When this node executes: 1. Original state gets the first chunk as output 2. Additional states are created for each remaining chunk 3. All states are marked as EXECUTED 4. Next stages are created for each state independently

This enables parallel processing of data chunks across multiple runtime instances.

Unites Keyword

Purpose

The unites keyword is a powerful mechanism for synchronizing parallel execution paths.
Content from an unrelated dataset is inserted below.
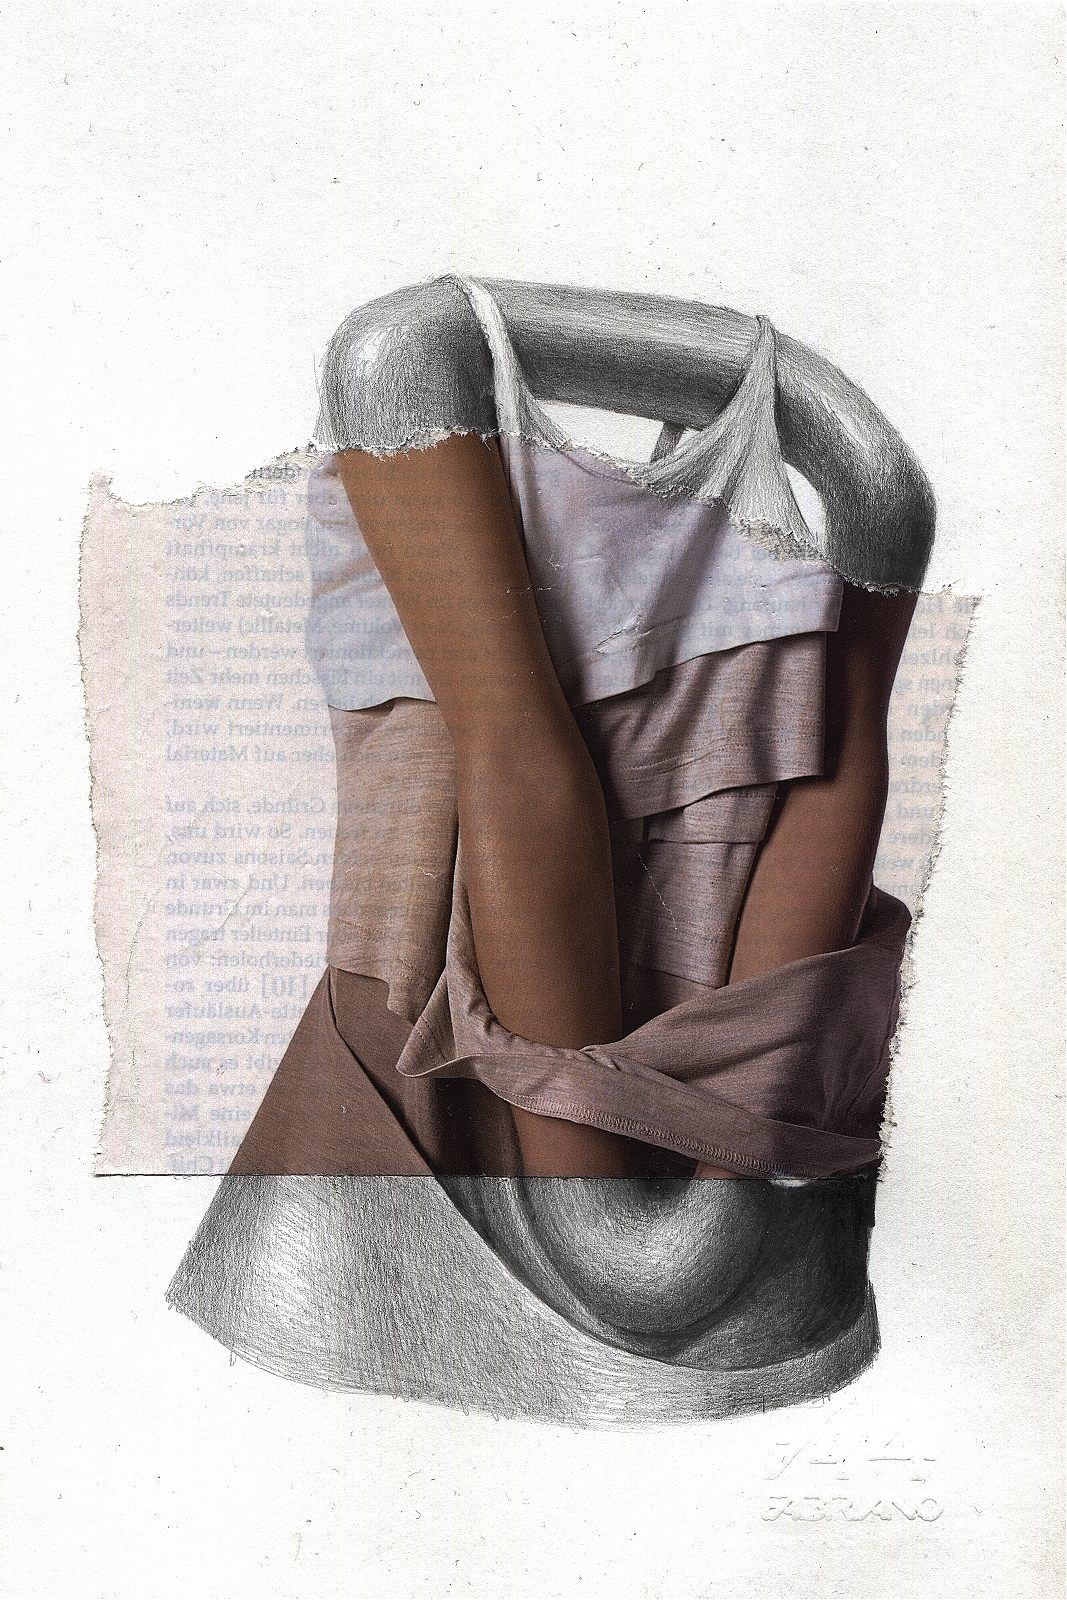 """Gestell"", 2013, pencil, collage, 16.5 x 24 cm"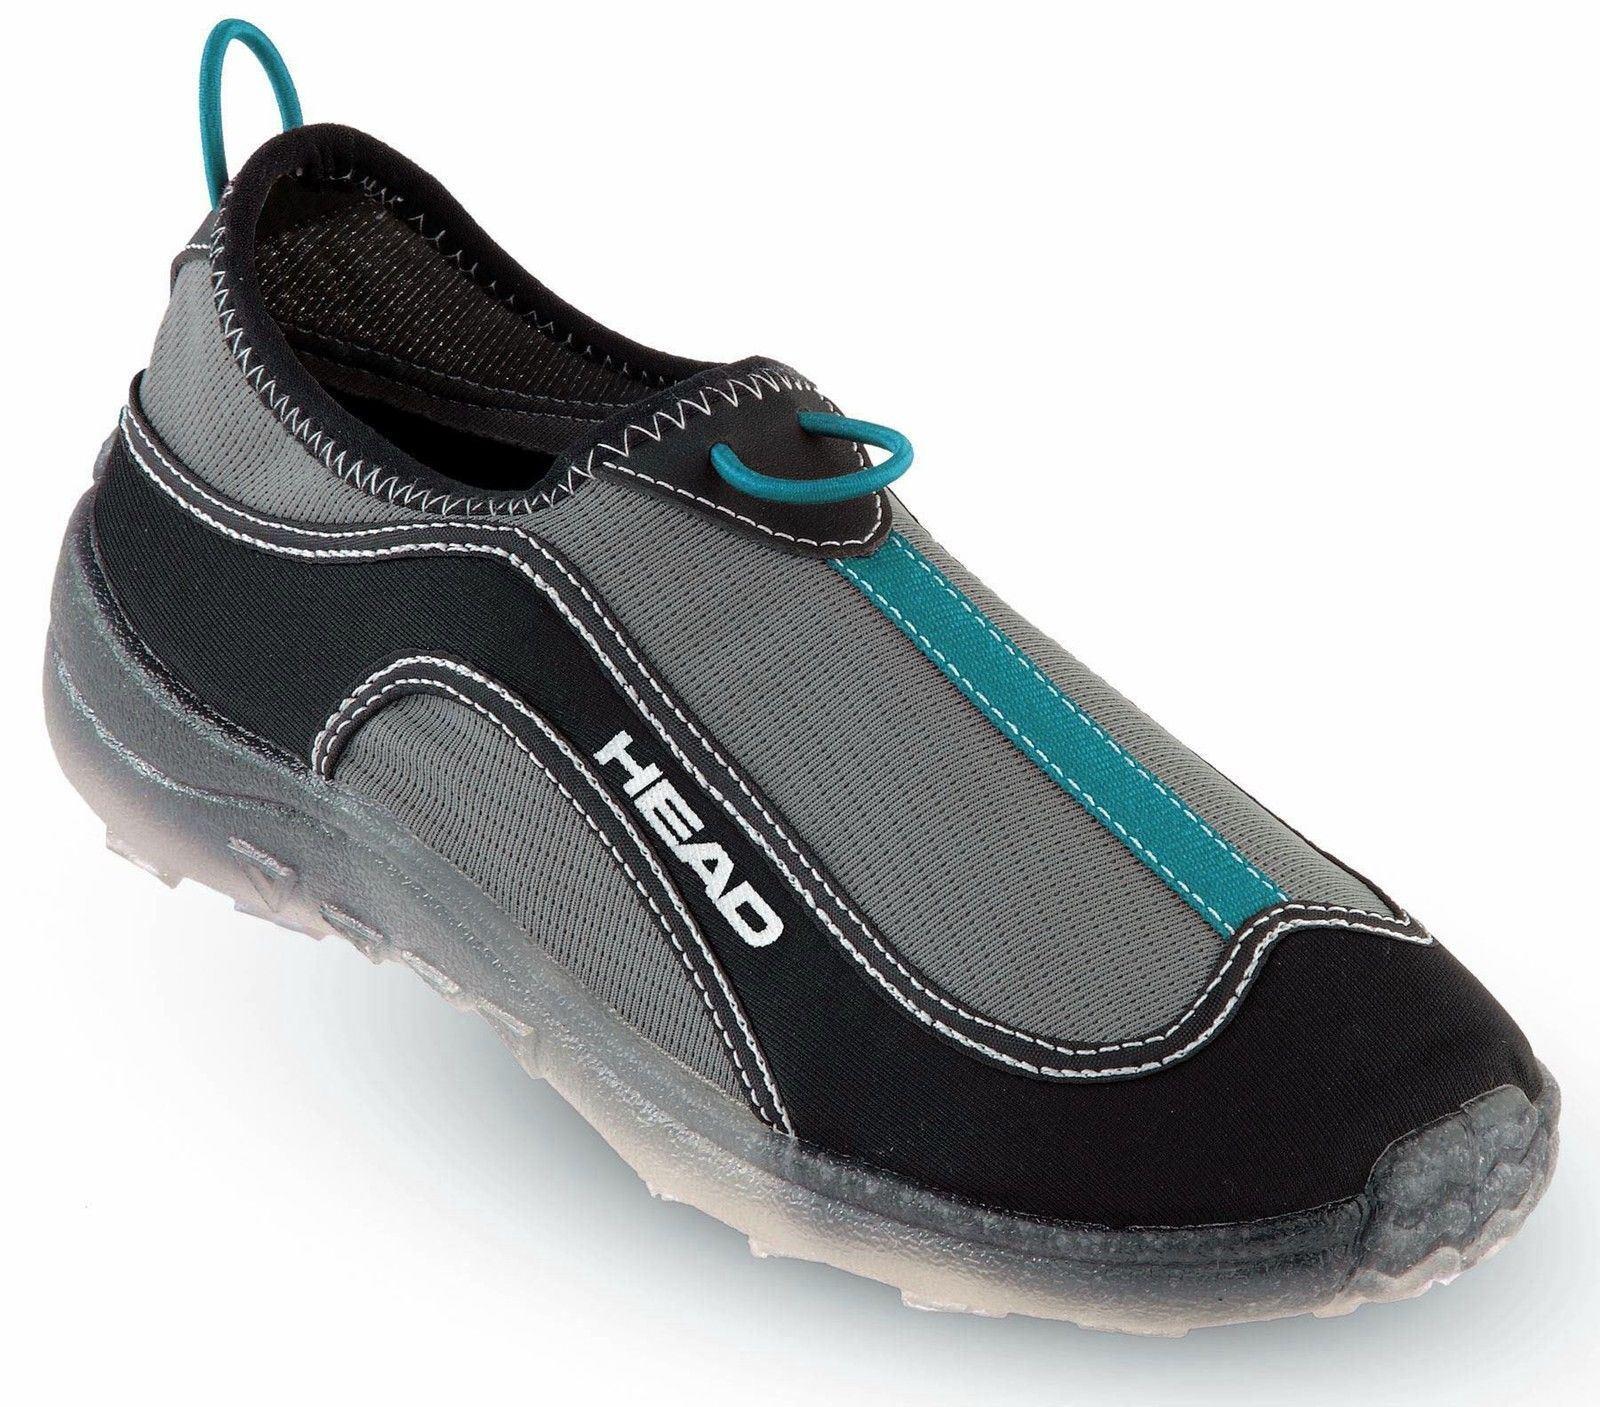 HEAD - Deluxe Fast Drain Aqua Trainer Beach Shoes - Black / Blue - Mens Ladies

It allows a node to wait for multiple parallel states to complete before executing.

Unites Logic

When a node has a unites configuration:

  1. Execution is deferred until all states with the specified identifier are complete
  2. State fingerprinting ensures only one unites state is created per unique combination
  3. Dependency validation ensures the unites node depends on the specified identifier

Unites Example

{
  "nodes": [
    {
      "node_name": "DataSplitterNode",
      "identifier": "data_splitter",
      "next_nodes": ["processor_1"]
    },
    {
      "node_name": "DataProcessorNode",
      "identifier": "processor_1",
      "inputs":{
        "x":"${{data_splitter.outputs.data_chunk}}"
      }
      "next_nodes": ["result_merger"]
    },    
    {
      "node_name": "ResultMergerNode",
      "identifier": "result_merger",
      "inputs":{
        "x_processed":"${{processor_1.outputs.processed_data}}"
      }
      "unites": {
        "identifier": "data_splitter"
      },
      "next_nodes": []
    }
  ]
}

In this example: 1. data_splitter creates fanout with 3 outputs 2. processor_1 executes in parallel for all three data chunks 3. result_merger waits for all processors to complete (unites with data_splitter) 4. Only one result_merger state is created due to fingerprinting

Architecture Benefits

Scalability

  • Horizontal scaling: Add more runtime instances to handle increased load
  • Parallel processing: Fanout enables concurrent execution
  • Load distribution: State manager distributes work across available runtimes

Fault Tolerance

  • State persistence: All states are stored in the database
  • Retry mechanisms: Failed states can be retried automatically
  • Recovery: Workflows can resume from where they left off

Flexibility

  • Dynamic fanout: Nodes can produce variable numbers of outputs
  • Synchronization: Unites keyword provides precise control over parallel execution
  • Dependency management: Automatic resolution of complex dependencies

Observability

  • State tracking: Complete visibility into execution progress
  • Error handling: Detailed error information and retry logic
  • Performance monitoring: Track execution times and resource usage

Exosphere's architecture provides a robust foundation for building distributed, scalable workflows. The combination of state-based execution, fanout mechanisms, and the unites keyword enables complex parallel processing patterns while maintaining simplicity and reliability.